A consultora Letícia Rodrigues destaca que a divulgação das informações já é um avanço. "A transparência e a atualização das informações, com a visibilidade dos compromissos e check-list do que já foi feito e aquilo que está em andamento, é algo positivo", diz a sócia-fundadora da consultoria Tree Diversidade.
Por outro lado, Letícia alerta sobre os cuidados que devem ser tomados no treinamento de lideranças. A empresa informa que 54% das lideranças no Brasil são negras. "Quem está tomando as decisões também tem de ter uma postura antirracista para que esse comportamento chegue até a ponta. Lembrando que é preciso trabalhar todas as lideranças, negras e não negras", avalia. De acordo com a empresa, foram realizadas 34 sessões de treinamentos sobre diversidade racial desde janeiro.

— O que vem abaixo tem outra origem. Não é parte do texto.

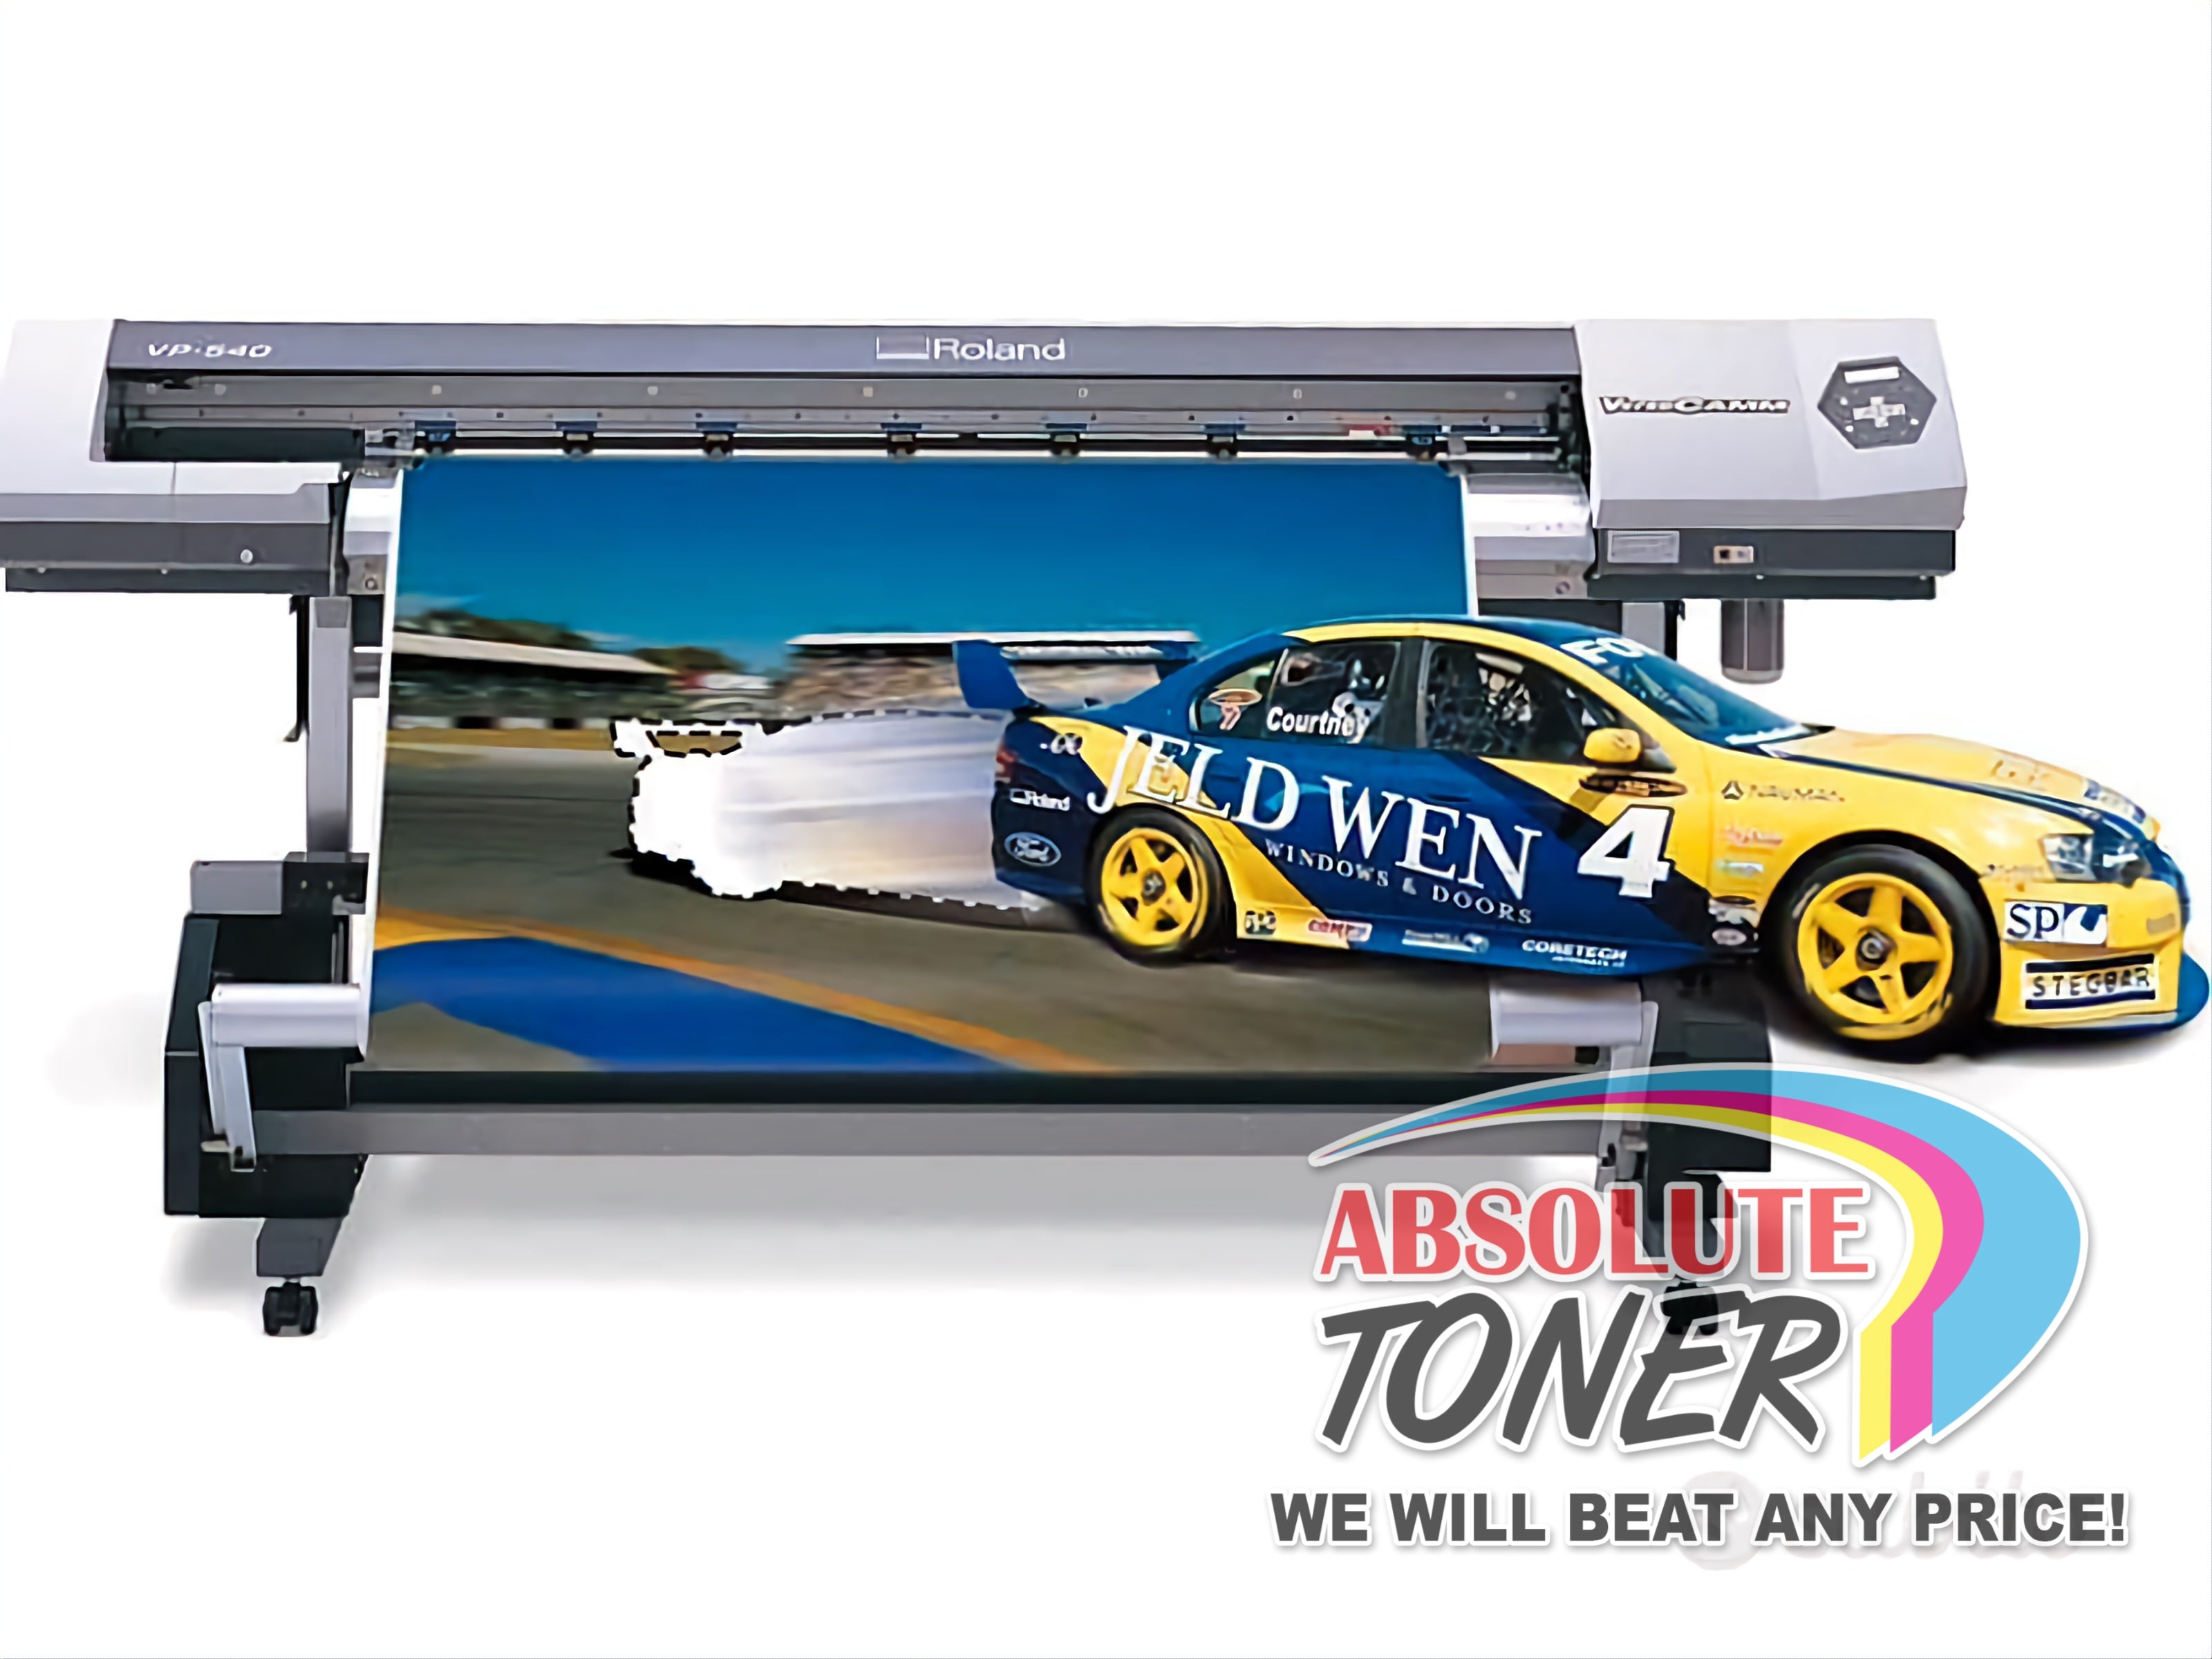 Absolute Toner $169/MONTH Roland VersaCAMM VP-540i 54" Large Format Printer/Cutter Sign Apparel, Car Graphics, Wrapping, Window Tinting, Packaging Print and Cut Plotters

Deives Rezende Filho, ex-ombudsman do Itaú e CEO da consultoria Condurú, sentiu falta de mais informações sobre as ações para a inclusão efetiva, após o aumento da diversidade no quadro de funcionários. O especialista usa uma frase que se tornou um paradigma nas políticas afirmativas: "Diversidade é chamar para a festa, inclusão é convidar para dançar". "Não é difícil alcançar as metas de diversidade. E depois? Como incluir e fazer com que as pessoas evoluam?", afirma.
Especialistas afirmam que, além de facilitar a entrada de funcionários, as empresas devem criar formas de acolhimento, integração e planejamento de carreira. Essa é a inclusão de fato.
Nesse contexto, o especialista sugere a figura do mentor, que não está presente nas divulgações da empresa. "Seria interessante a presença de uma pessoa experiente que segure na mão do novo funcionário e fale sobre a cultura da empresa. O mentor não deve ser o gestor direto, pode ser alguém de outra área", aconselha.
Os consultores são unânimes ao apontar que um dos grandes desafios é realizar o acompanhamento das medidas a longo prazo – eles avaliam que esse tipo de trabalho leva, no mínimo, um ano. "A implantação de um programa de diversidade não é uma corrida de 100 metros. É uma maratona", diz Deives.
"Algumas medidas estão relacionadas à cultura da empresa, como a tolerância zero à discriminação. Por isso, elas precisam ser medidas a longo prazo. Uma coisa é imprimir uma agenda, outra é gerir a agenda. As medidas precisam ser mantidas e acompanhadas de forma independente e crítica", opina Ana Bavon, CEO da consultoria B4People Cultura Inclusiva.